- [WHAT YOU HAVE TO DO] Exact copy, no pictures: return only the lines below from the line with "Knitting for a" up to and including the line with "Österreich, Wien, Innenstadt, Bürogebäude, Büros, modern".

[SUPPLIED MATERIAL — start]

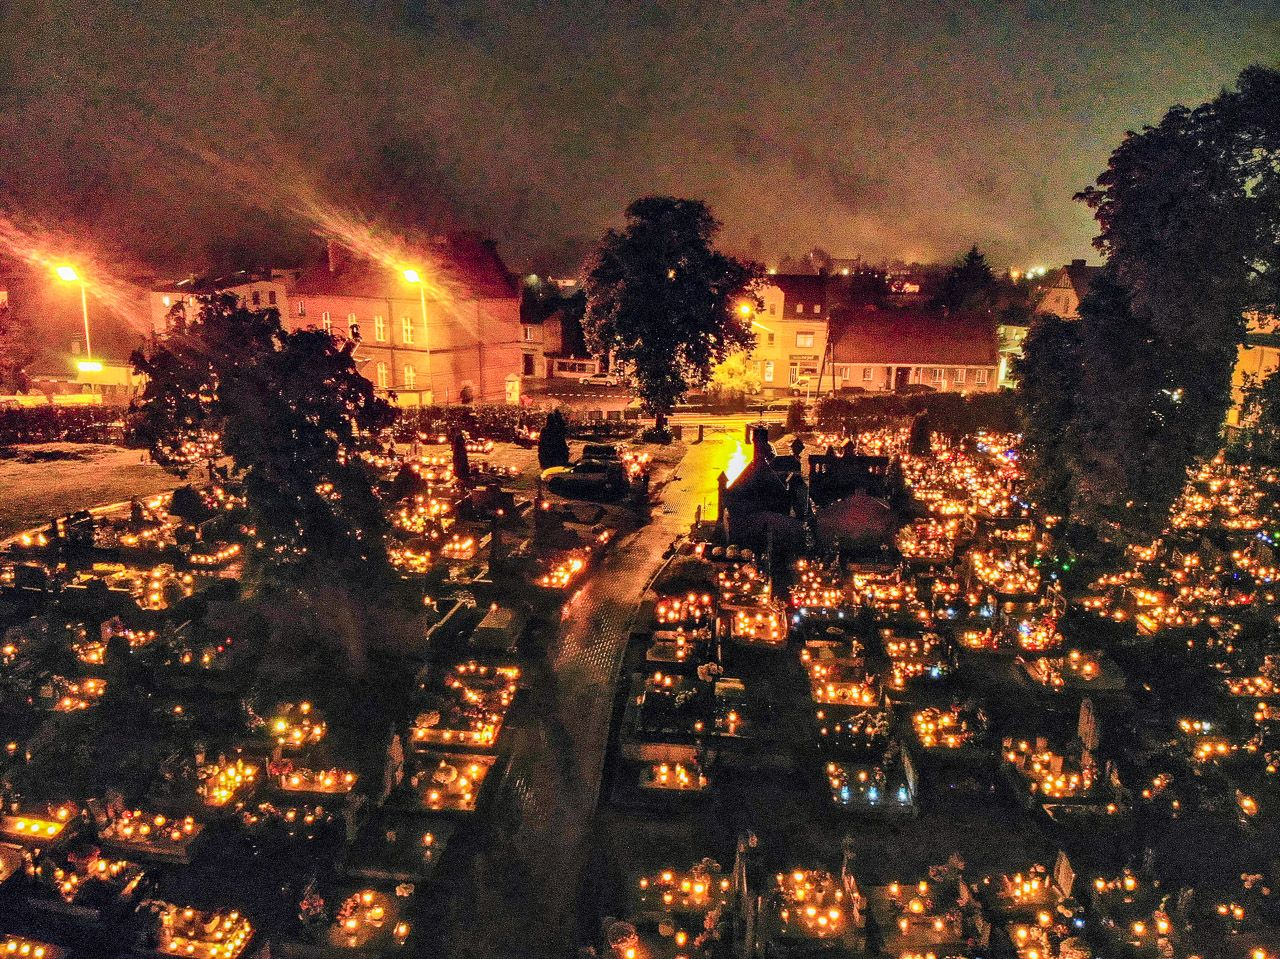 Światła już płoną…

[SUPPLIED MATERIAL — finish]
[SUPPLIED MATERIAL — start]

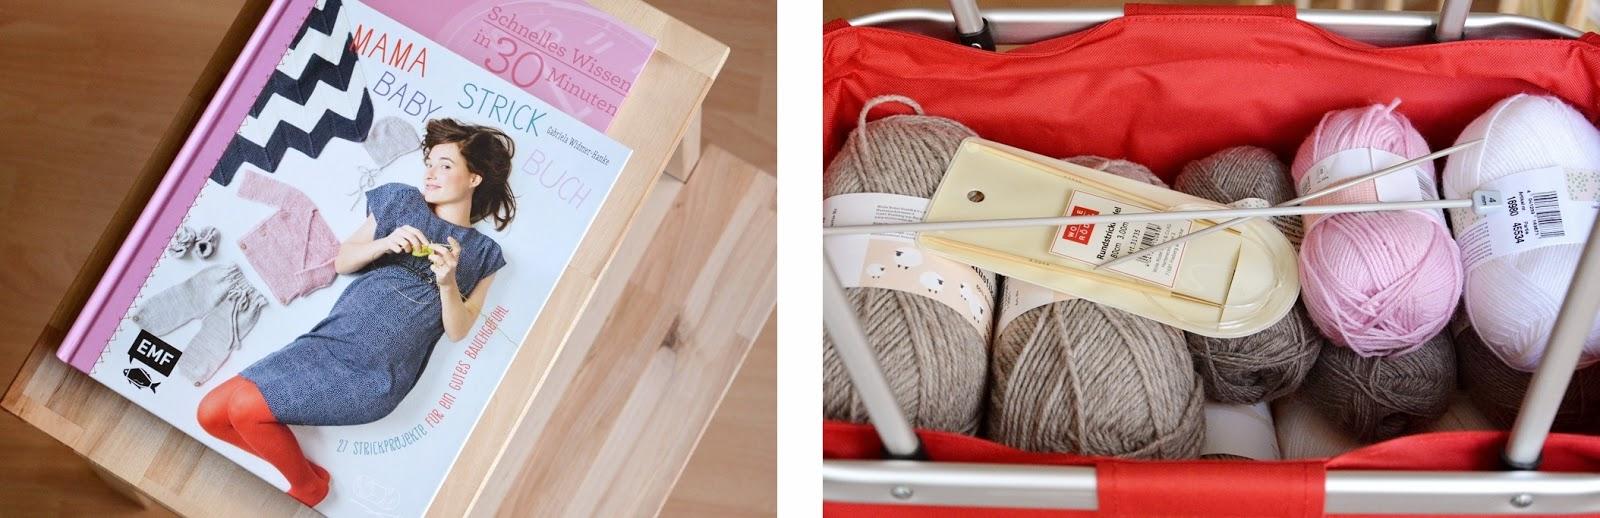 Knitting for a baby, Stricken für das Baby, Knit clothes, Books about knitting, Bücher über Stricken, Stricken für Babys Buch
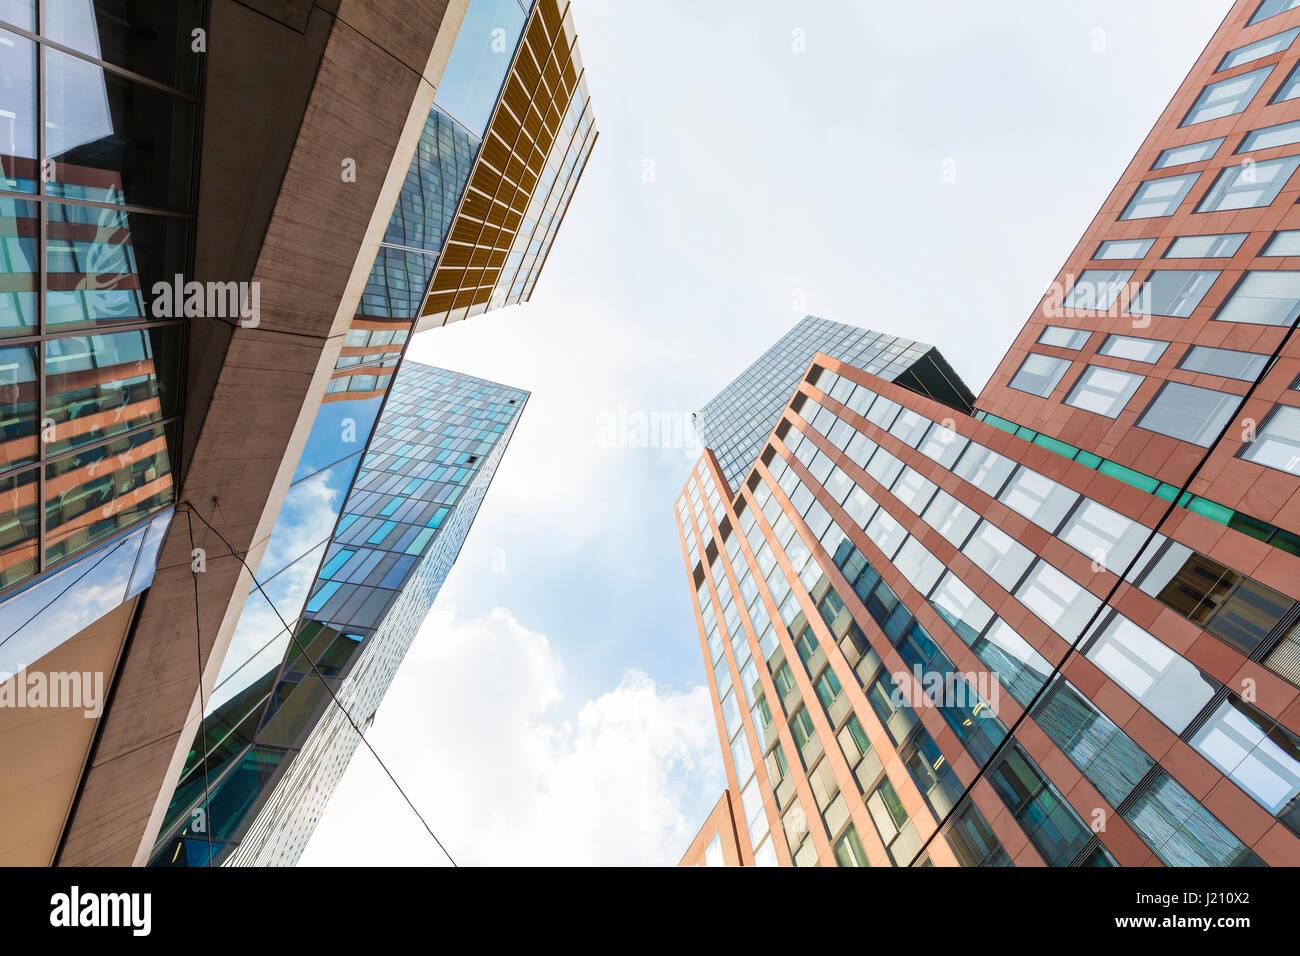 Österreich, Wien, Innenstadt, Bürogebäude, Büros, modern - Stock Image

[SUPPLIED MATERIAL — finish]

- [EXPECTED ANSWER]
 Knitting for a baby, Stricken für das Baby, Knit clothes, Books about knitting, Bücher über Stricken, Stricken für Babys Buch
 Österreich, Wien, Innenstadt, Bürogebäude, Büros, modern - Stock Image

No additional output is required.